В дурном настроении Линькович-старший отрезал бы, что все есть, и кинул трубку. Такое уже было — на последний день рождения. Тогда три часа застолья стали настоящей мукой.

В магазине Стас ломал голову, что, собственно, за виски у него стоит, явно из давних времен какой-нибудь красный Джонни Ходок. Теперь Линькович-младший такого питья не в уровень не пил.

Развитие розничной сети банка стало первой, самой маленькой ступенькой в деле превращения Стаса в оруженосца при Феодосии Лакринском, обязанного без устали находить способы добывать прибыль и вкладывать ее для получения еще большей прибыли.

Правила игры были разъяснены практически сразу.

Они сидели в ресторане, не отмеченном ни в одном справочнике города.

— У тебя, парень, — клекотал Феодосий, наливая в микроскопические рюмки рыжеватого цвета настойку, — есть право на ошибку. Если предложил дело, а оно не удалось, то бывает, не может все получаться. Обсудим, проговорим, в чем промах случился. Мы деньги делаем, а не мины с пола хватаем. Но если я пойму, что ты крысишь или врешь мне, то…

Стас не очень понимал, зачем при таких перспективах крысить.

— Это сейчас тебе кажется, что воровать повода нет, — отвечал на громкую мысль Феодосий, — но через год семья, любовница, в винах-висках сочтешь себя знатоком, в новых автомобилях раскумекаешься, вот тогда копейка начнет копеечку звать, так вот, парень, если почувствуешь позыв скрысить, то ты сначала обратись, пожалуйся на жизненные трудности, может, что и придумается.

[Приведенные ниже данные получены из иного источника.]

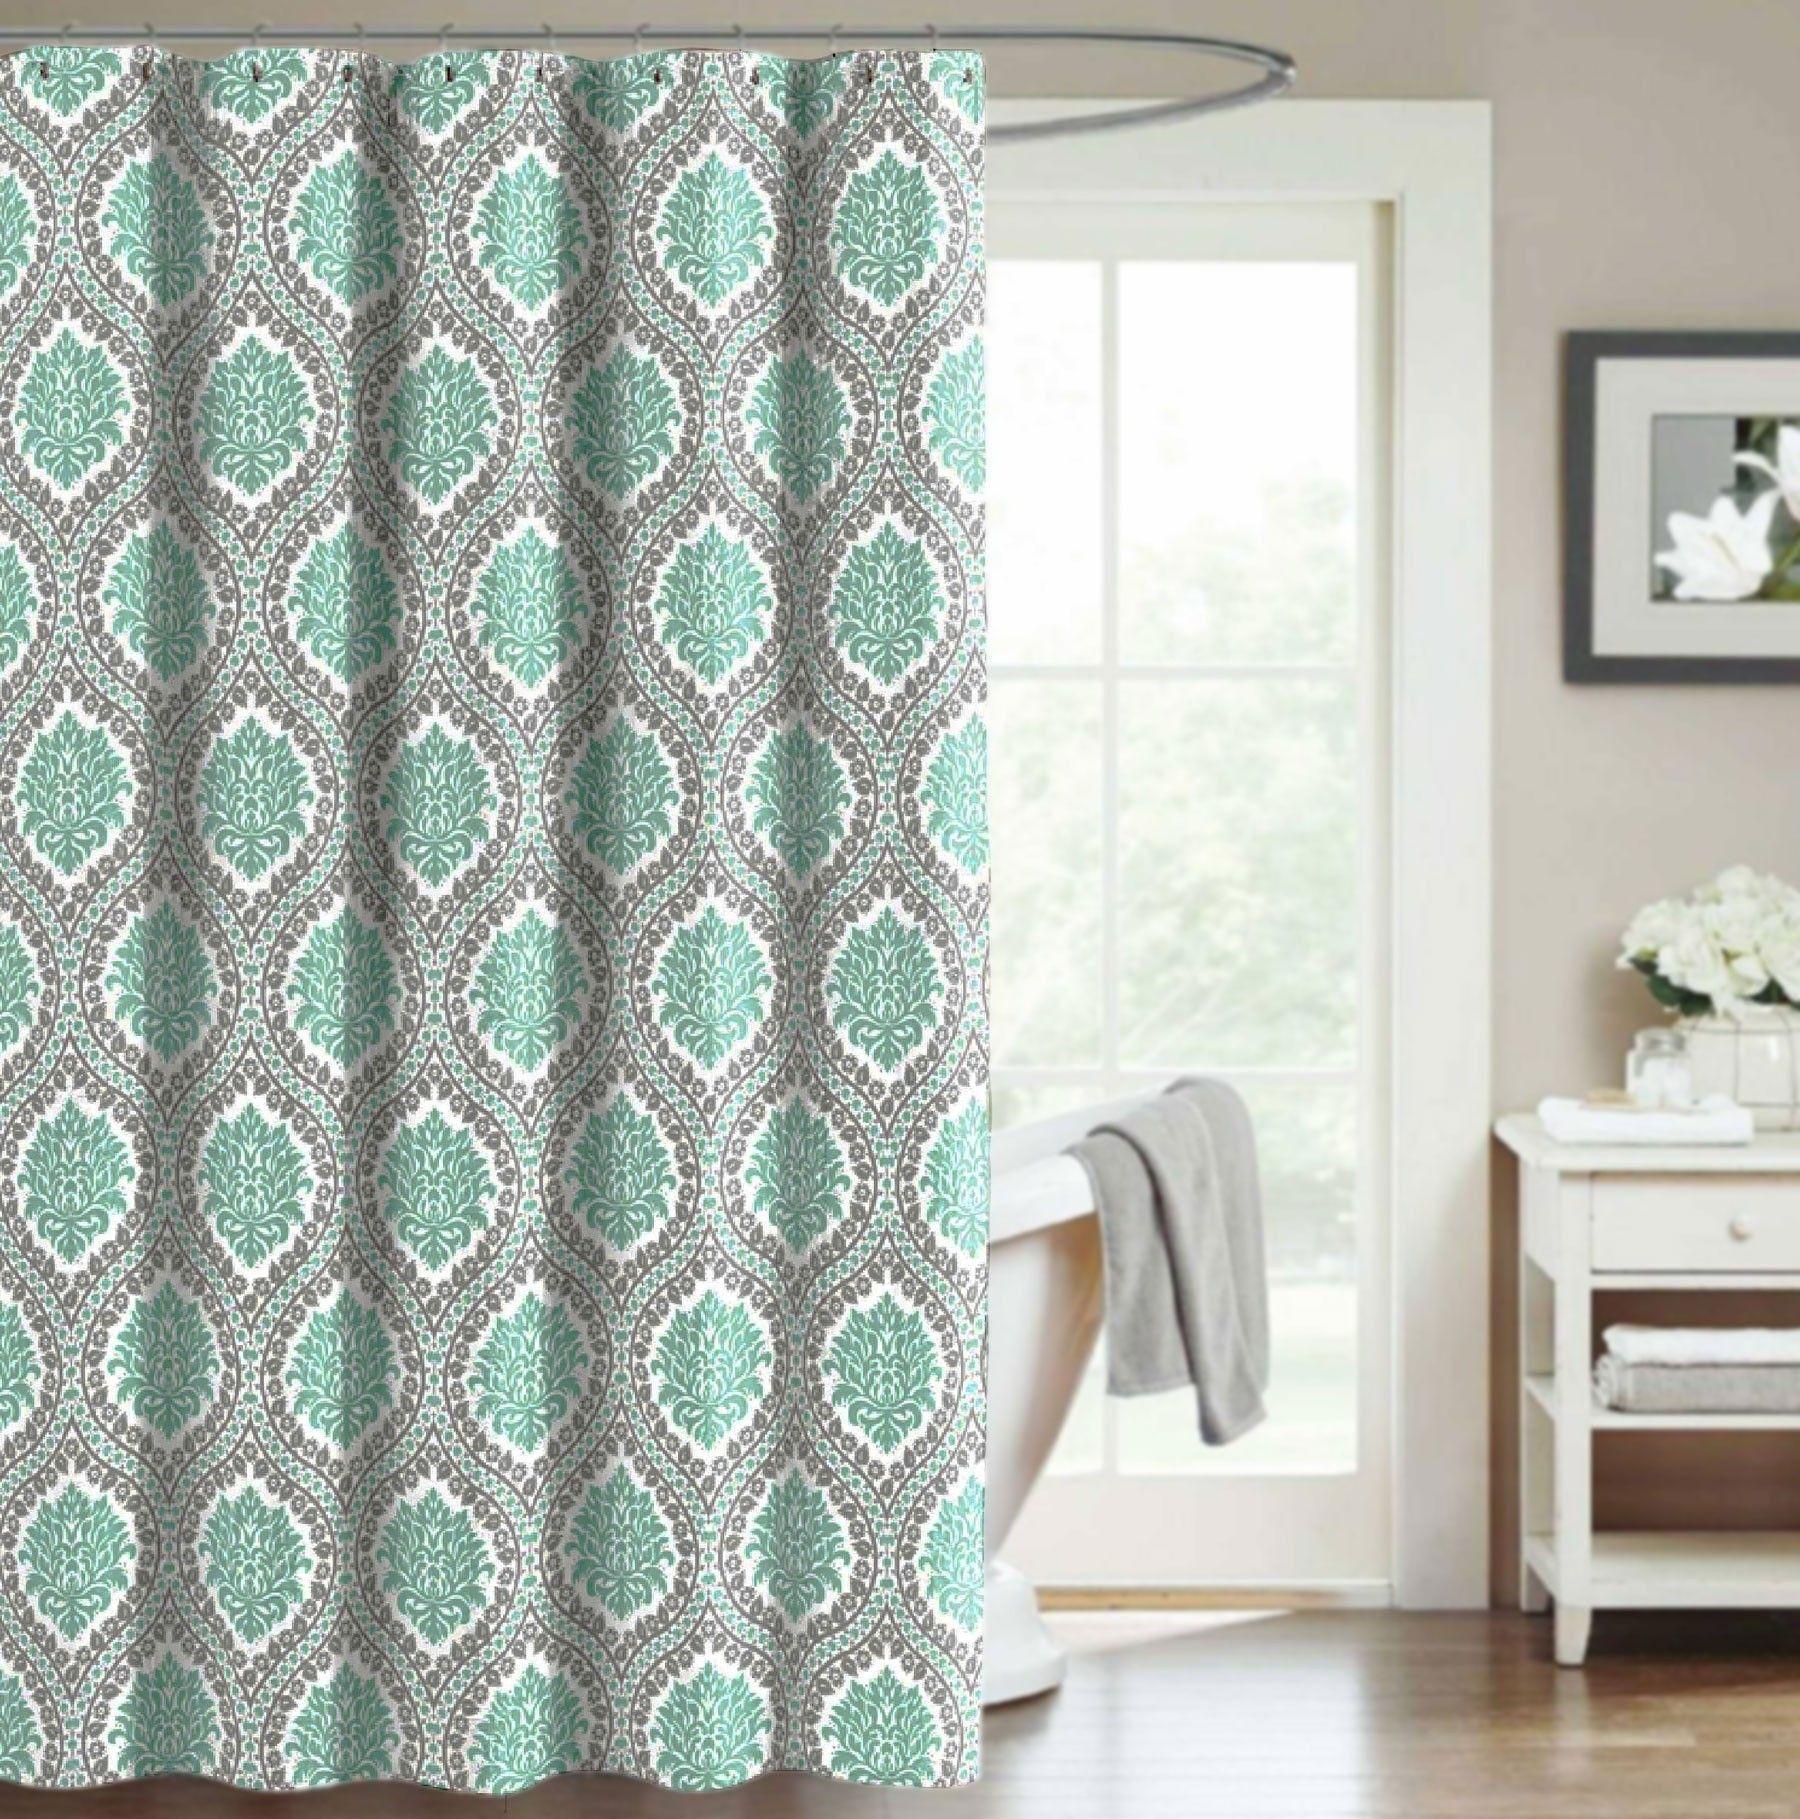 Crest Home Bellavista Fabric Shower Curtain Teal Gray Medallion ...
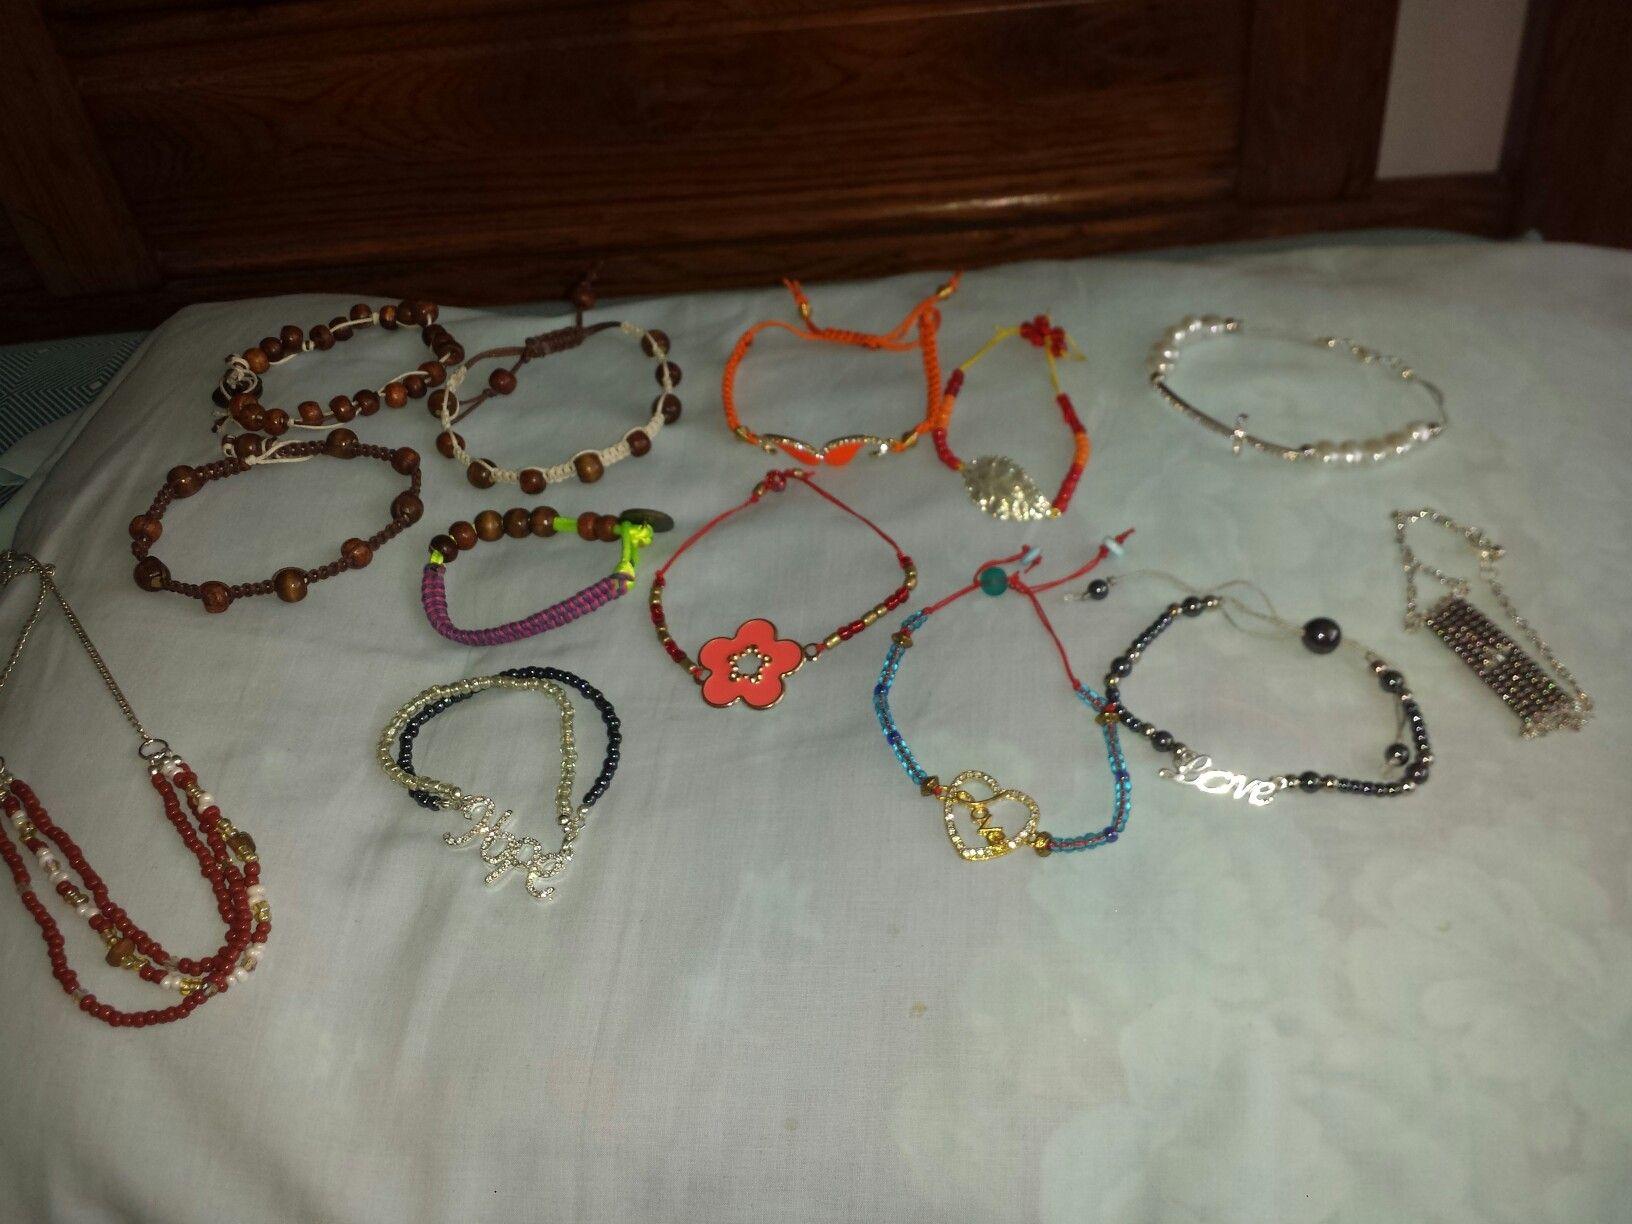 Mens shambala wood bracelets and women charm bracelets made of glass beads.. necklace of glass beads twistable...I love creating.

Помощь понадобилась один раз. В мае 2003 года Линькович, дорабатывая некое инвестиционное предложение, два дня подряд изучал аналитику по рынку недвижимости. Закончив, он позвонил знакомому риелтору и попросил поискать любую большую квартиру, но такую, чтобы «уже на продаже и мозг не компостировали». Через час нашлась прям пятикомнатная и почти в Столешниковом. Она была не по деньгам, но привела в восторг Карину. Набравшись смелости, Линькович позвонил Лакринскому. Через неделю ему одобрили беспроцентный кредит, которого должно было хватить и на покупку, и на ремонт, поскольку в квартире стояла несусветная вонь. Присланный Феодосием строитель покрутил носом, походил и предложил снести все к херовой матери, а потом построить заново. Стас ужаснулся разорению, но тут по второму разу беременной Карине стало по-настоящему плохо.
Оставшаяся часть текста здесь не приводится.